Il Tribunale Amministrativo Regionale del Lazio ha annullato una serie di provvedimenti dell’Agenzia delle Dogane e dei Monopoli (ADM) relativi ai canoni dovuti dai concessionari del bingo durante il regime di proroga tecnica delle concessioni, stabilendo che l’importo fisso previsto dalla legge è incompatibile con il diritto dell’Unione europea.
Le sentenze, pubblicate tra il 23 e il 24 febbraio 2026, riguardano diversi ricorsi presentati da associazioni e società concessionarie contro le note con cui ADM aveva imposto il pagamento del canone mensile, aumentato nel tempo fino a 7.500 euro, anche durante i periodi di chiusura delle sale e senza tener conto dei fatturati effettivi.
Niente canone durante le chiusure Covid
Il Tar ha innanzitutto ribadito che il canone non è dovuto nei mesi in cui le sale bingo sono rimaste chiuse per effetto dei provvedimenti anti-Covid.
Richiamando l’articolo 69 del decreto legge n. 18/2020, i giudici hanno affermato che l’esonero dal pagamento deve valere per tutto il periodo di sospensione dell’attività imposto dall’autorità pubblica, in quanto sarebbe irragionevole pretendere il versamento di somme in assenza della possibilità di esercitare l’attività.
La sospensione del canone è stata quindi ritenuta coerente con il principio di sinallagmaticità del rapporto concessorio: se l’attività non può essere svolta per factum principis, il concessionario non è tenuto al pagamento.
Proroghe tecniche illegittime secondo il diritto Ue
Il cuore delle decisioni riguarda però la compatibilità della proroga tecnica delle concessioni bingo con la direttiva europea 2014/23/UE.
Il Tar ha applicato i principi stabiliti dalla Corte di Giustizia dell’Unione europea nella sentenza del 20 marzo 2025 (cause riunite C-728/22, C-729/22 e C-730/22), secondo cui:
- le proroghe disposte dopo il 18 aprile 2016 rientrano nell’ambito di applicazione della direttiva concessioni;
- le modifiche unilaterali operate dal legislatore italiano non rientrano nelle ipotesi derogatorie previste dall’articolo 43 della direttiva;
- la proroga tecnica, così strutturata, avrebbe richiesto una nuova gara pubblica.
Di conseguenza, il sistema di proroghe reiterate previsto dall’articolo 1, comma 1047, della legge n. 205/2017 (e dalle precedenti modifiche) è stato ritenuto in contrasto con il diritto eurounitario e deve essere disapplicato.

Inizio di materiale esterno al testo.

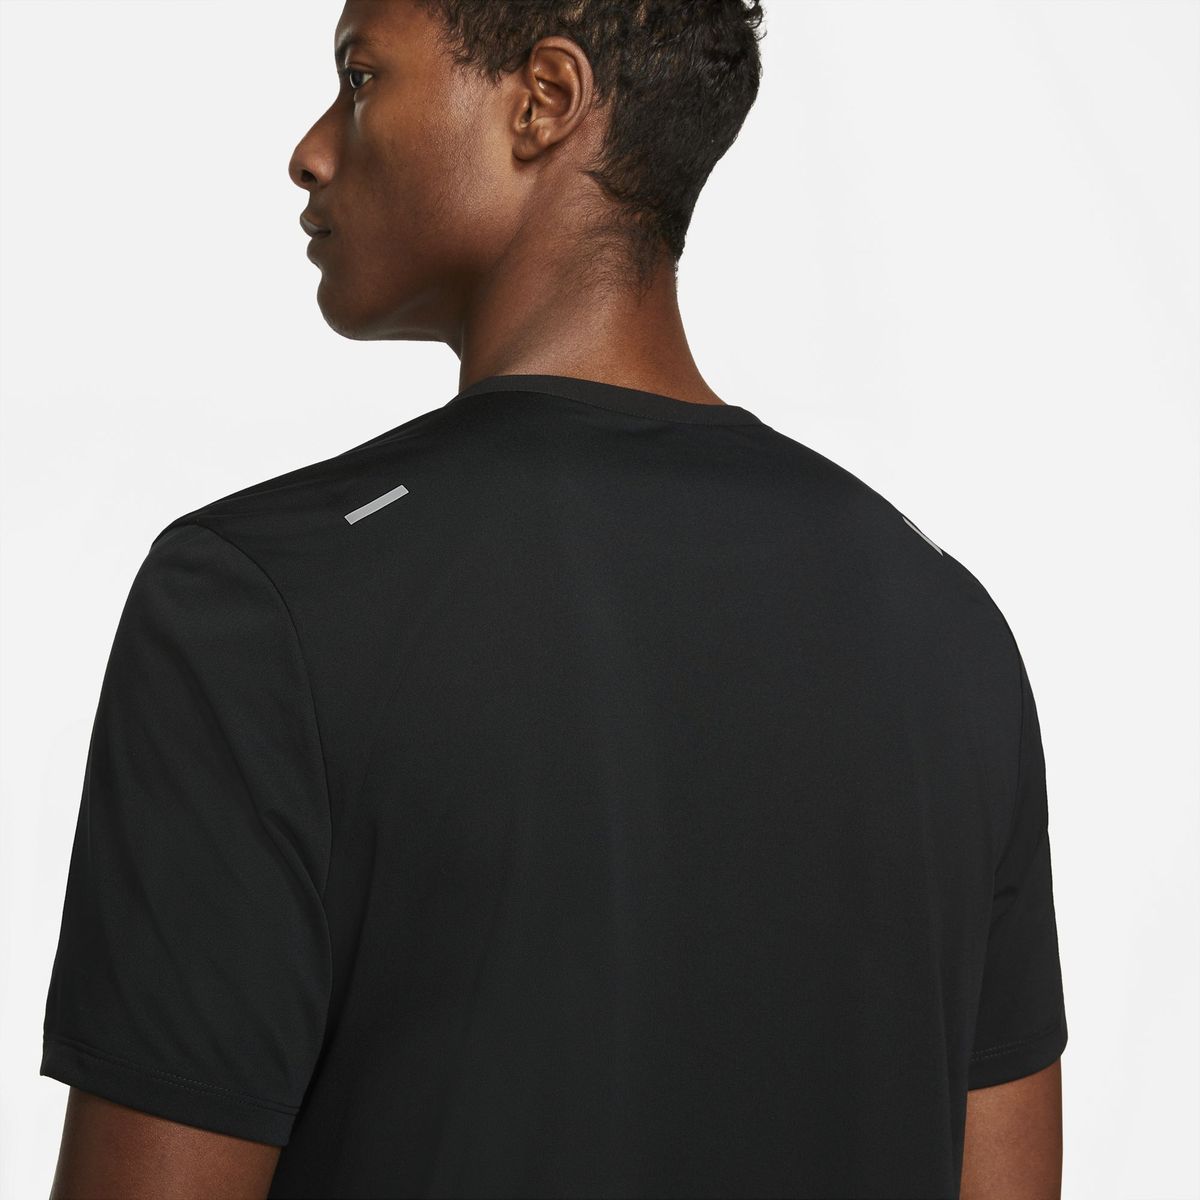 Nike Dri-FIT Rise 365 Top Herren T-Shirt_4

Canone fisso incompatibile con la direttiva
Particolarmente rilevante è il passaggio in cui il Tar afferma che non è legittima la determinazione di un canone fisso e forfettario, identico per tutti i concessionari, indipendentemente dal fatturato e dalla redditività effettiva.
Secondo la Corte di Giustizia, infatti, l’indennità eventualmente dovuta durante il periodo di proroga non può essere stabilita in modo rigido, ma deve tener conto:
- dei ricavi effettivamente conseguiti dal singolo operatore;
- dei vantaggi ottenuti (come l’assenza di gara);
- dei sacrifici imposti, tra cui il divieto di trasferimento dei locali.
Il Tar ha quindi annullato le note ADM che applicavano automaticamente il canone da 7.500 euro mensili, affermando che l’Agenzia dovrà rideterminare le somme dovute con provvedimenti discrezionali, anche provvisori, sulla base di un’istruttoria concreta e parametrata ai fatturati.
Indennità sì, ma da rideterminare
Le sentenze precisano che l’illegittimità della proroga non comporta l’azzeramento totale degli importi dovuti. I concessionari restano tenuti al pagamento di un’indennità per l’esercizio di fatto dell’attività, al fine di evitare un indebito vantaggio.
Tuttavia, tale indennità dovrà essere ricalcolata da ADM in modo proporzionato e conforme ai principi europei, superando il meccanismo automatico previsto dalla normativa nazionale.